Brett Carter (born March 2, 1972) was the 2010 Democratic nominee for the United States House of Representatives from Tennessee's 6th congressional district. He is an attorney at Carter Shelton, PLC, where he practices tax law with his partners, Brian Shelton and Warner Jones. He has also practiced law at Waller Lansden Dortch & Davis, LLP and Bradley Arant Boult Cummings LLP in Nashville, Tennessee. He is an Operation Iraqi Freedom veteran.

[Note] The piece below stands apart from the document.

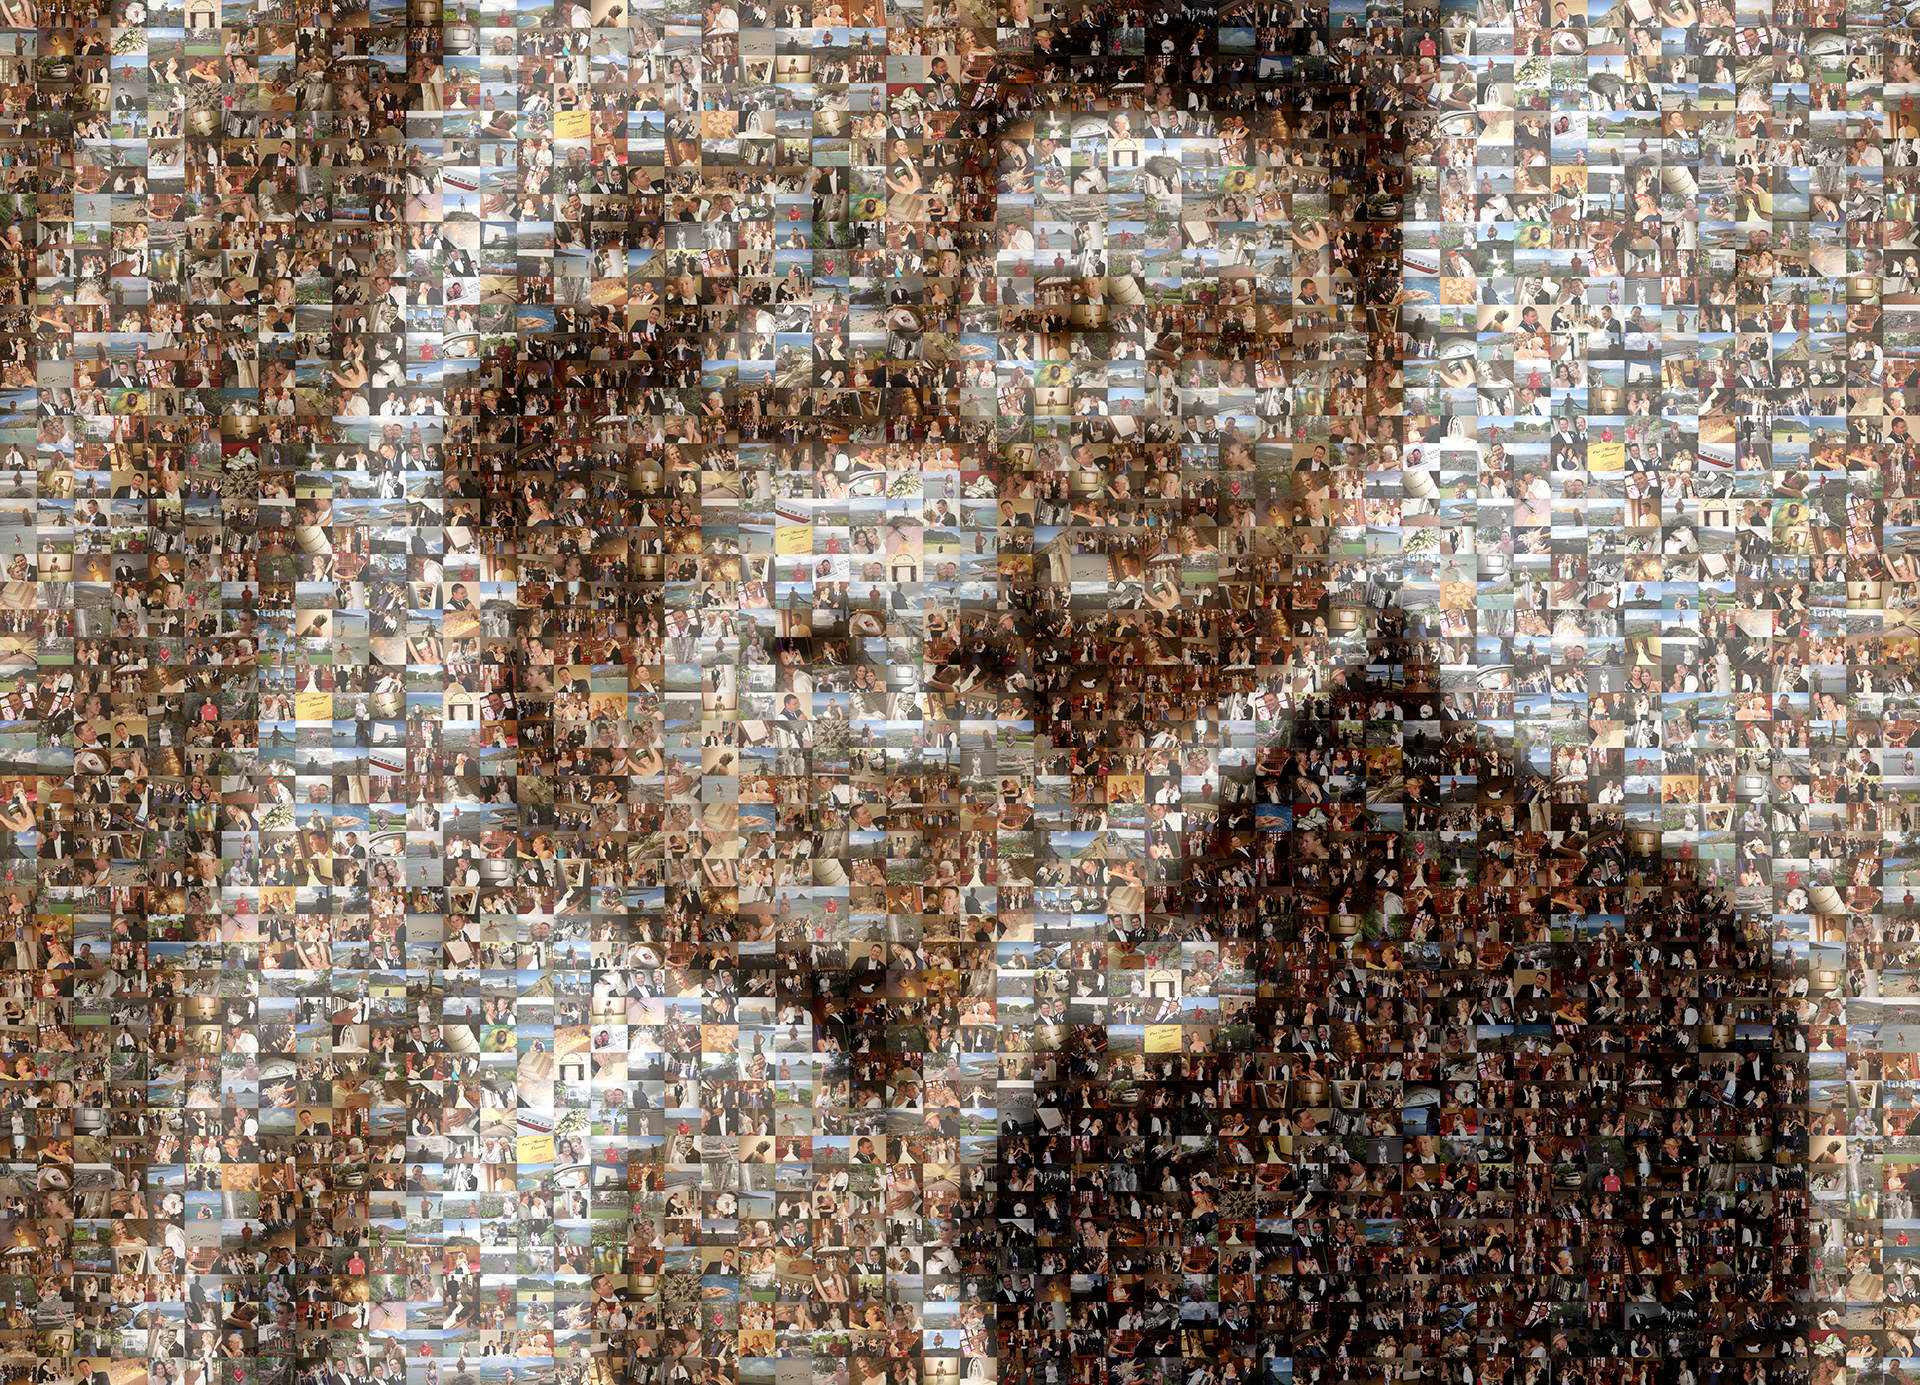 photo mosaic created using 270 lifetime photos
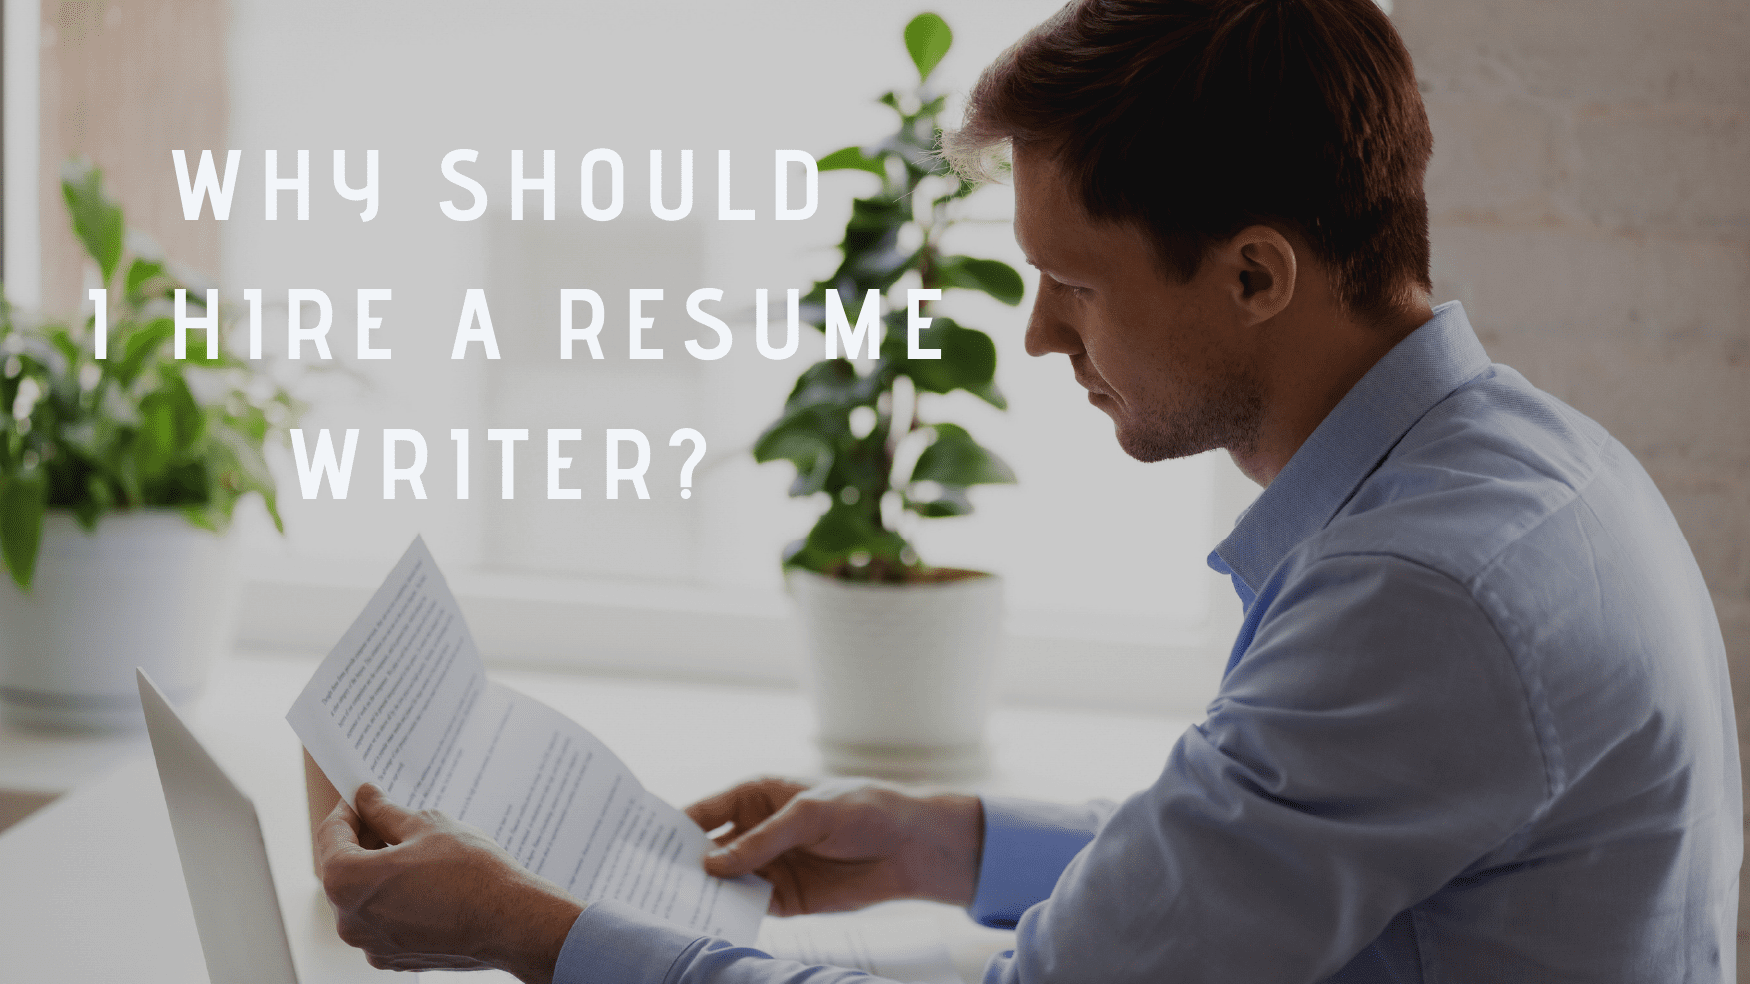 hire a resume writer linkedin

Early life, education and law career
Carter was born in Bethpage, a small community in Sumner County, Tennessee. He grew up in Gallatin and attended Gallatin High School, where he was elected student body president. Carter then attended University of Tennessee, where he was elected president of his fraternity during his sophomore year and later elected president of UT's student body of 26,000 in 1993. From there, Carter attended University of Memphis School of Law, graduating 8th in his class. He soon after married Virginia White, whom he met at the University of Tennessee, and moved to Washington, D.C. to study tax law at Georgetown University. Brett returned to Middle Tennessee in 2004. Carter currently lives in Nashville, Tennessee.  Before starting his law practice, Carter enlisted in the Tennessee Army National Guard, which ultimately led to his 18-month activation and deployment to Iraq.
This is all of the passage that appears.